Call of the Wild was the big box expansion for the game, which featured a slew of new components for the game, and was themed somewhat around the Dunwich Horror. We go outside of the mansion this time around, and have scenarios that actually involve that forsaken hill where the Horror was banished.
This expansion literally blows the game wide open, not only simply by virtue of being outside, but a lot of the structure of Mansions of Madness has gone, but in a good way. You’re not forced to follow a specific chain of clues to reach the objective, but rather can gather clues with almost total freedom. This sea-change necessarily means that the stacking of Objectives has also been replaced with a more flexible kind of end game in sight, and it’s really quite something!
There is a scenario that is a sort of whodunnit, where you can question townsfolk and gain them as allies as you try to discover a cult leader; there is a scenario where the investigators are trying to hide ritual pieces that the keeper is trying to discover, in order to enact a pre-chosen ritual. There’s a weird sort of dungeon-crawl type of scenario where you’re trying to escape a misty forest, and you build the map as you go.
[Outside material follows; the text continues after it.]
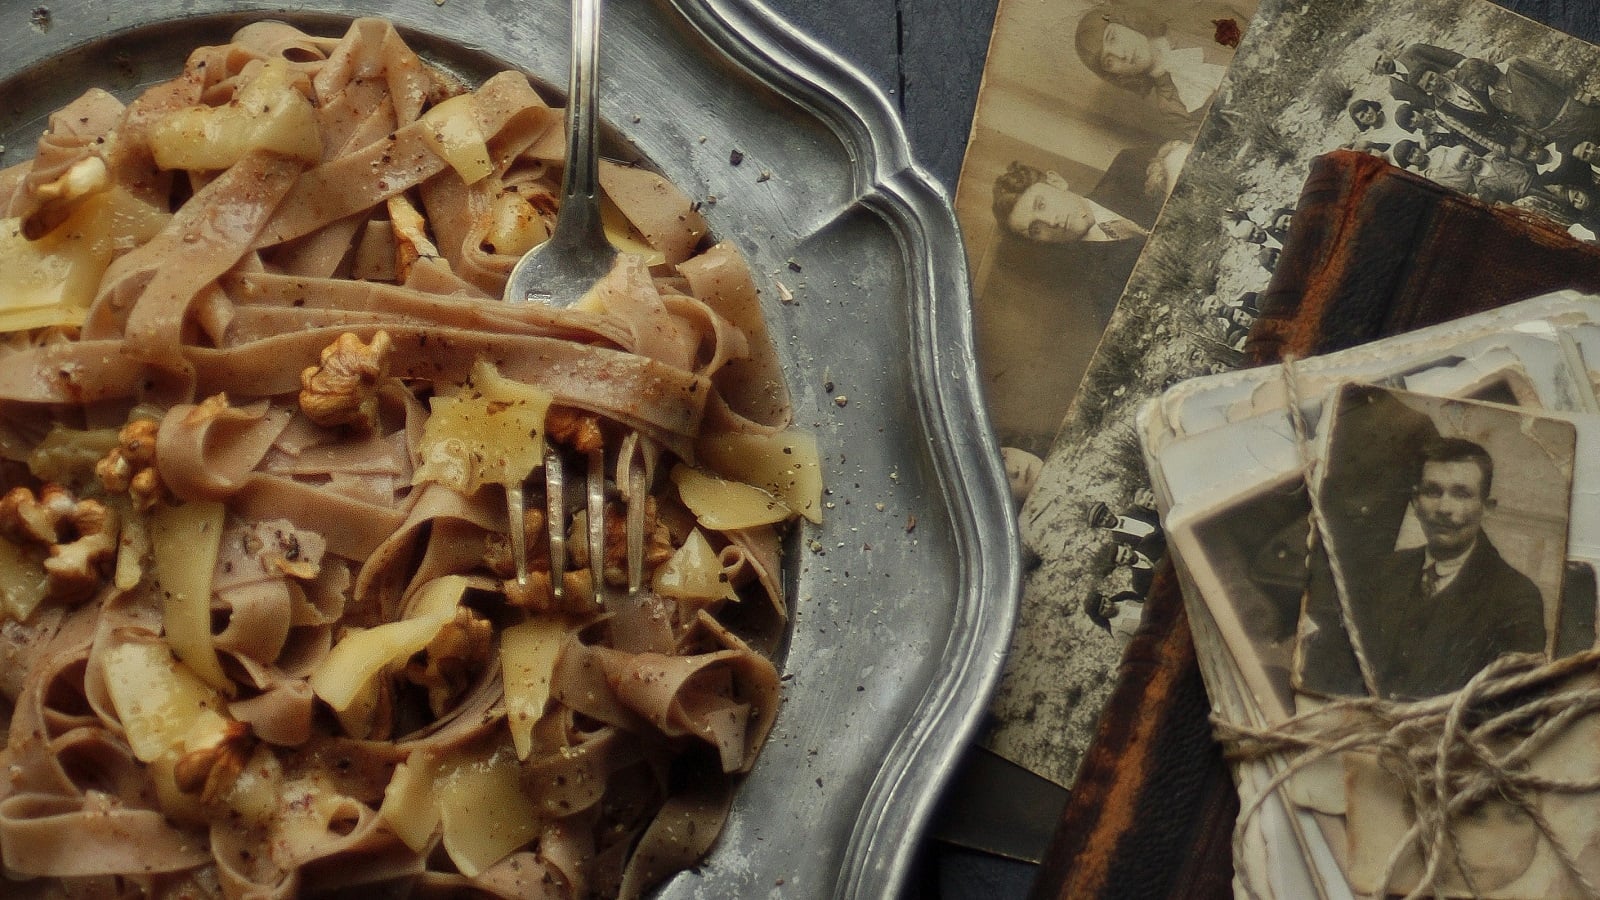 Ein silbener Teller mit einer Portion selbstgemachter Kastanien-Pasta mit Walnusssoße, garniert mit Parmesanscheiben und Walnüssen neben alten Fotografien und Büchern vor einem dunklen Hintergrund, von oben.

We also have the Dunwich Horror itself, in a scenario that sees the keeper trying to summon it, and the investigators trying to complete tasks set for them by Zebulon Whateley in order to foil these summoning efforts.
It’s really everything you’d expect from a big-box expansion, though. The altered gameplay that comes from being outside and not having to complete the clues in strict order, along with a raft of stuff that, some of it being highly themed to the new set, but still can be added in to the base game if you so wish.
Mansions of Madness is one of the great Ameritrash games where the theme is prioritised over everything else, although of course this game doesn’t just paste a theme onto some random basic game engine. There is so much going on in any game that it can make for a really immersive experience. The expansions are very nice additions, although Forbidden Alchemy did have a lot of trouble when it first came out, requiring the inclusion of a set of cards to replace “broken” components of the game. That did make for a very confusing box opening, I must say!
What I find quite interesting about this game is how it chooses to implement the mythos side of things. Call of the Wild is nothing like Dunwich Horror for Arkham Horror, or The Dunwich Legacy cycle for the LCG. It’s probably closest to the latter, in that both games take aspects from the source material and re-imagine them, but MoM has an extremely tenuous link to the Lovecraft tale, while at least the LCG tells a fairly compelling tale set in the aftermath of the story itself.
Forbidden Alchemy has no real antecedent in the other mythos games, of course, although it does scratch a very nice itch from the source material. Lovecraft himself was very interested in modern science, and I think if he had had the money, would absolutely have been one of those gentlemen scientists with a private lab in the basement. Quite a few of his stories include some form of science, with tales like Herbert West – Reanimator and Cool Air having almost the main focus of the story being on pushing the limits of scientific discovery. It’s definitely a lot of fun to see that given some attention within FFG’s stable of Lovecraft-themed games, in my view!
Mansions of Madness is now in its second edition, where the keeper has been replaced with an app, allowing for a fully-cooperative game experience. I’ve not really looking all that closely at the second edition, having pretty much downsized my collection when I moved house last year to a core of games that I regularly played, and the Cthulhu-themed games were pretty heavily hit. To all appearances, though, MoM2 is going well, with the most recent expansion, Path of the Serpent, being released twelve months ago. With five expansions that all look to be somewhat along the lines of big box entries, it definitely seems to be doing well for itself!